傅玉舒初为人母,中毒后身子又稍稍有些孱弱,确实也不想做些可能会伤及腹中胎儿的事,便笑道:
“多谢皇后娘娘体恤,妾身恭敬不如从命。”
这便是不行礼的意思了。
见状,高皇后立马心头不爽起来,这个傅玉舒未免过于矫情和托大了!
原来,“身子不便,请安就免了吧”,只是高皇后故作大方而已,平日里对一众身子不便的臣妇都说过。

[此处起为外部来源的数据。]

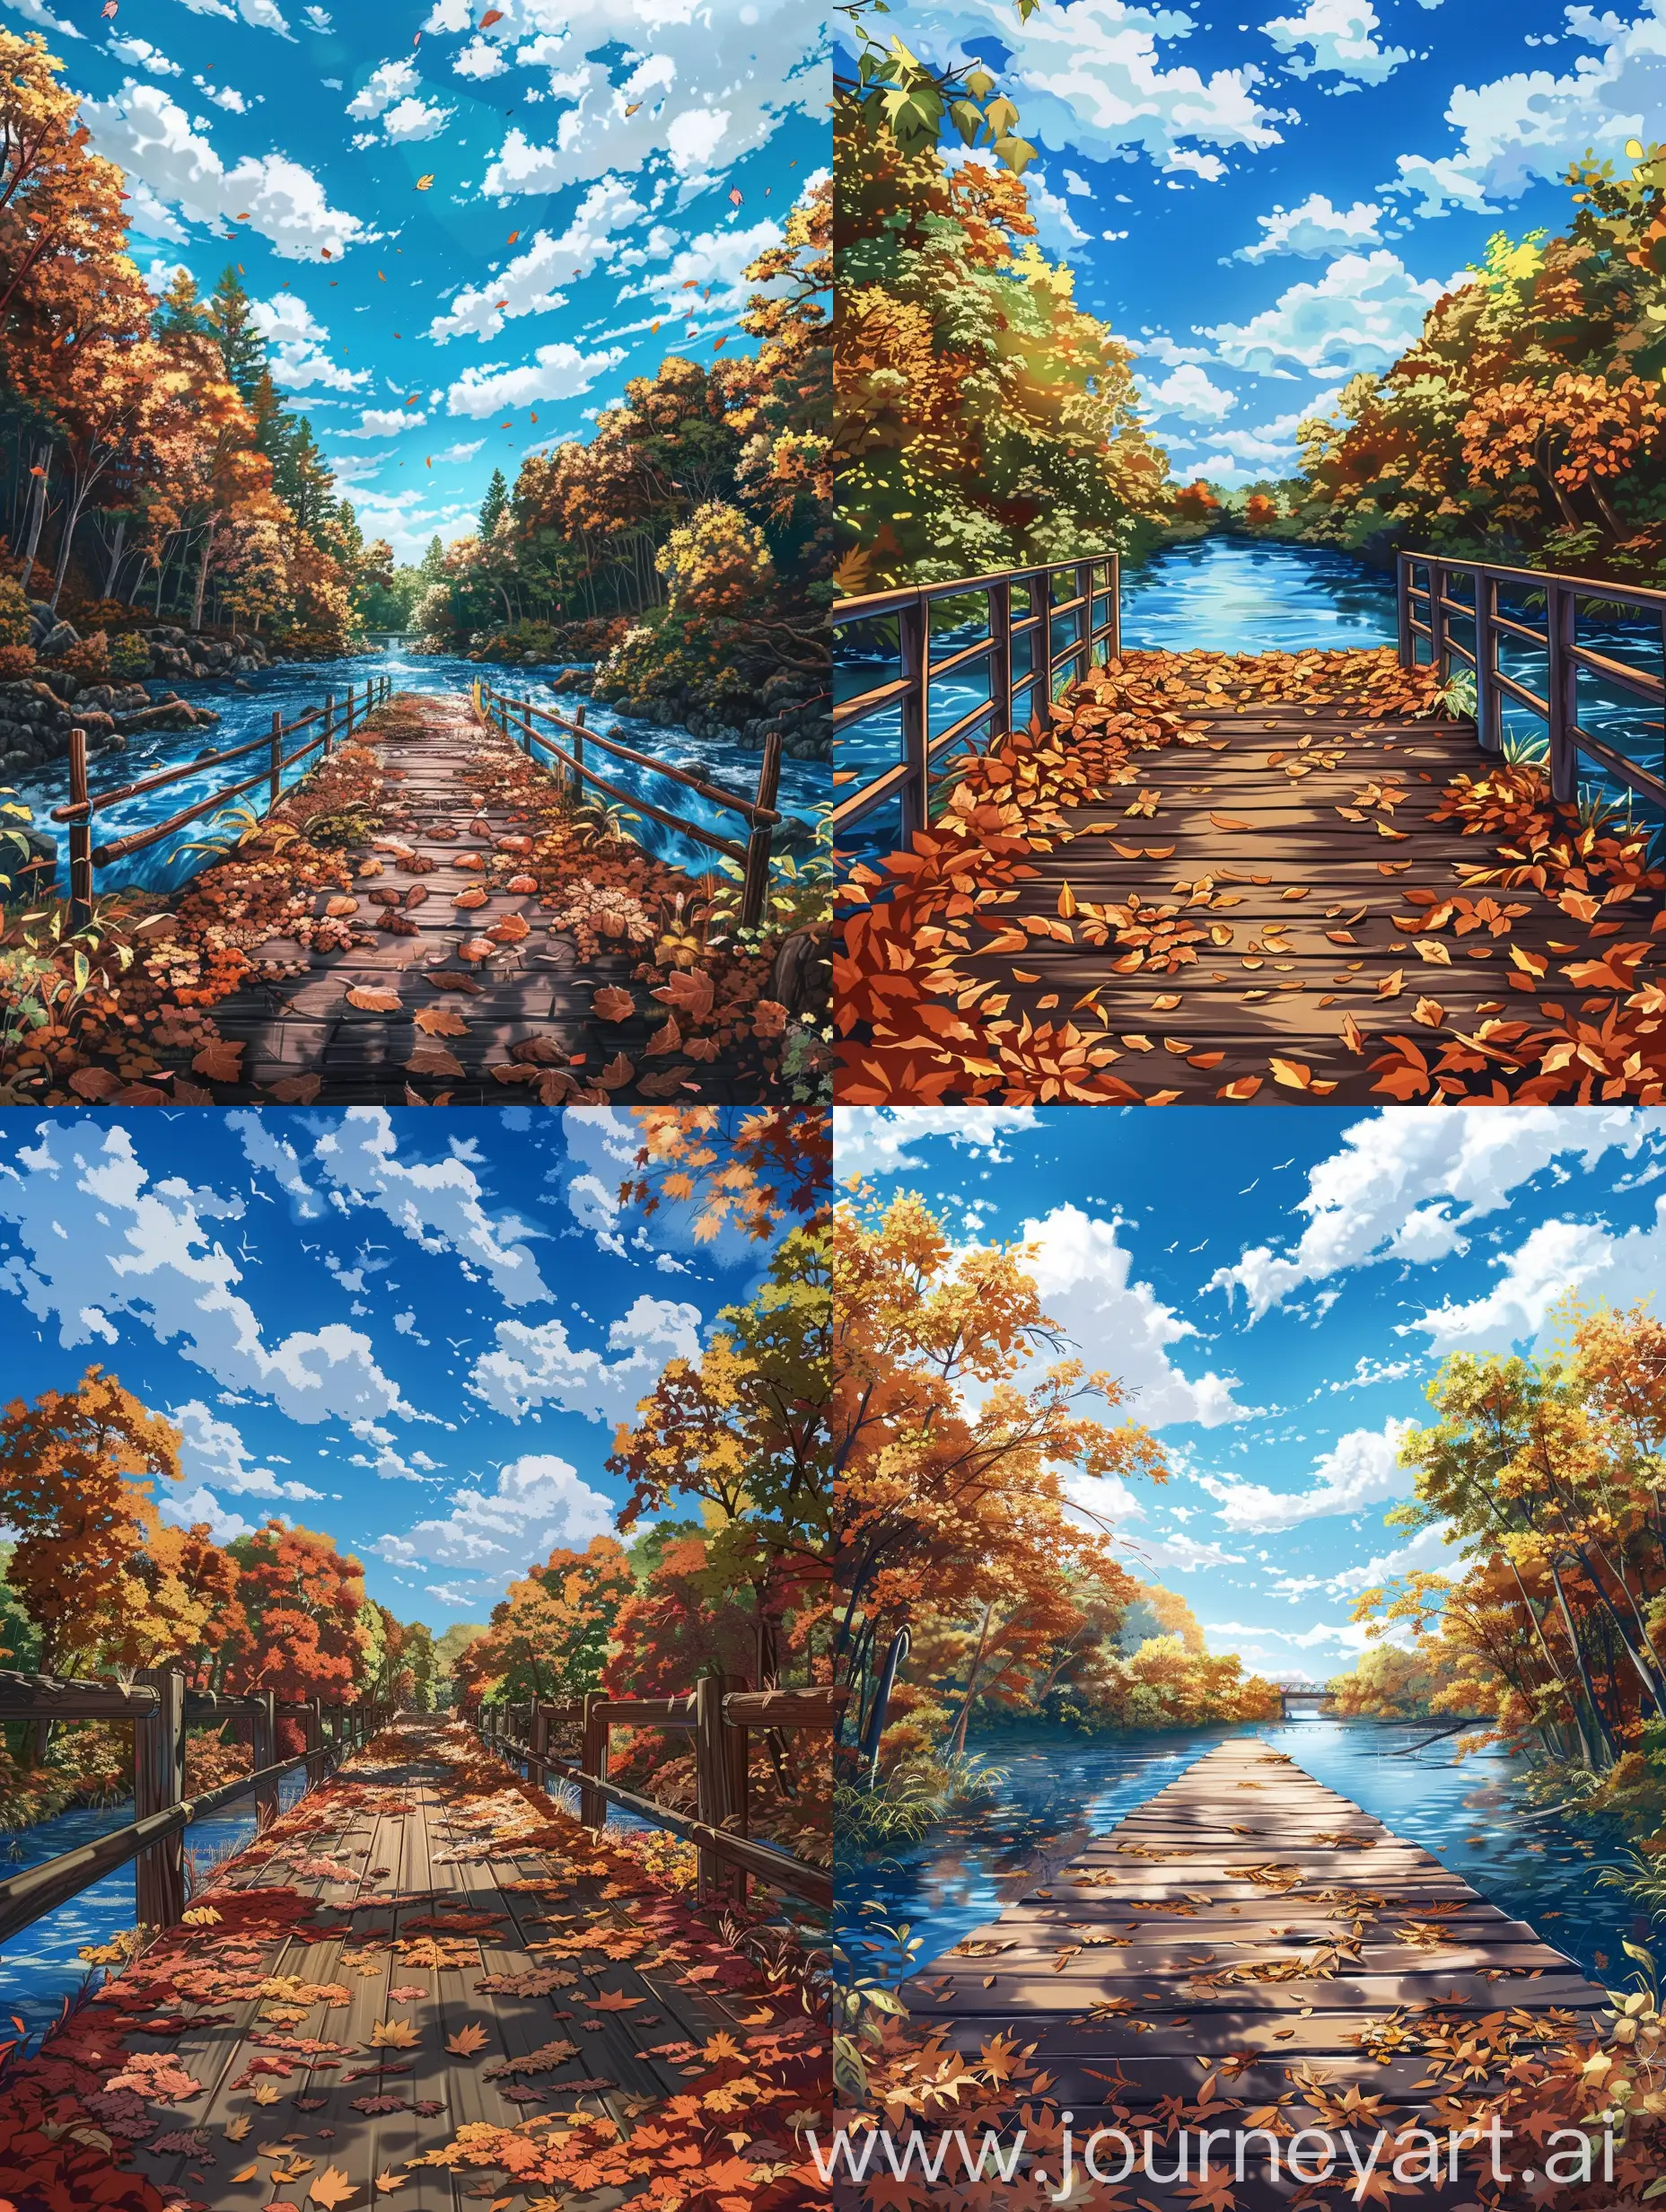 In the autumn forest there is a wide river, above which there is a wooden bridge.  The floor of this bridge is full of fallen leaves since it is autumn.  Anime style. blue sky with white clouds.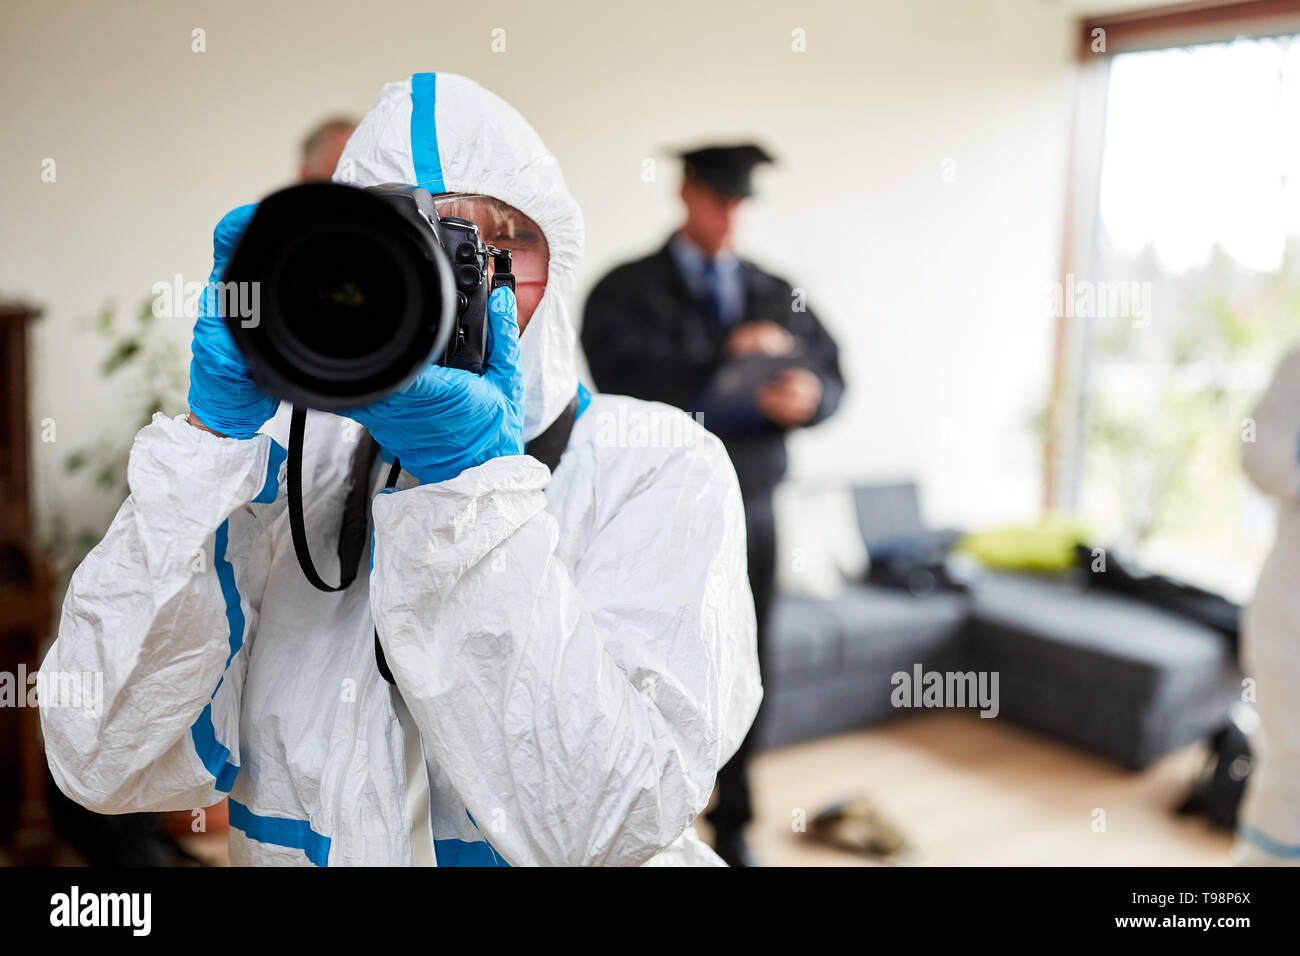 Photographer of the police at the scene after a burglary in the crime scene Stock Photo

可别的臣妇,说实话,没有一个敢当真的,全都客气一番后,依旧跪下或屈膝,执意将行礼进行到底。
唯有傅玉舒把高皇后的话当真了,竟然真的不行礼了!
这简直把高皇后气了个够呛。
偏生,傅玉舒身后的男人地位高,以高皇后今时今日的地位,压根不敢拿捏傅玉舒。
于是乎,高皇后不仅不敢发怒,反倒满脸堆笑地赐座,尽可能地讨好傅玉舒。
傅玉筝瞥见这一幕,忍不住会心一笑。
她就知道,哪怕姐姐一行人进宫后没有第一时间来皇后这儿请安,而是跑去了有孕的婉妃宫里,很不给高皇后这个国母面子,高皇后也不敢怎么地。
无它。
婉妃肚子里的孩子是男是女还不知道,纵使生下来,距离长大成年夺取储君之位也还遥远着。
对太子的储君之位暂时还构不成威胁。
目前,真正对太子构成威胁的唯有靖王,这几个月,靖王一党可是对太子一党发起了猛烈的进攻。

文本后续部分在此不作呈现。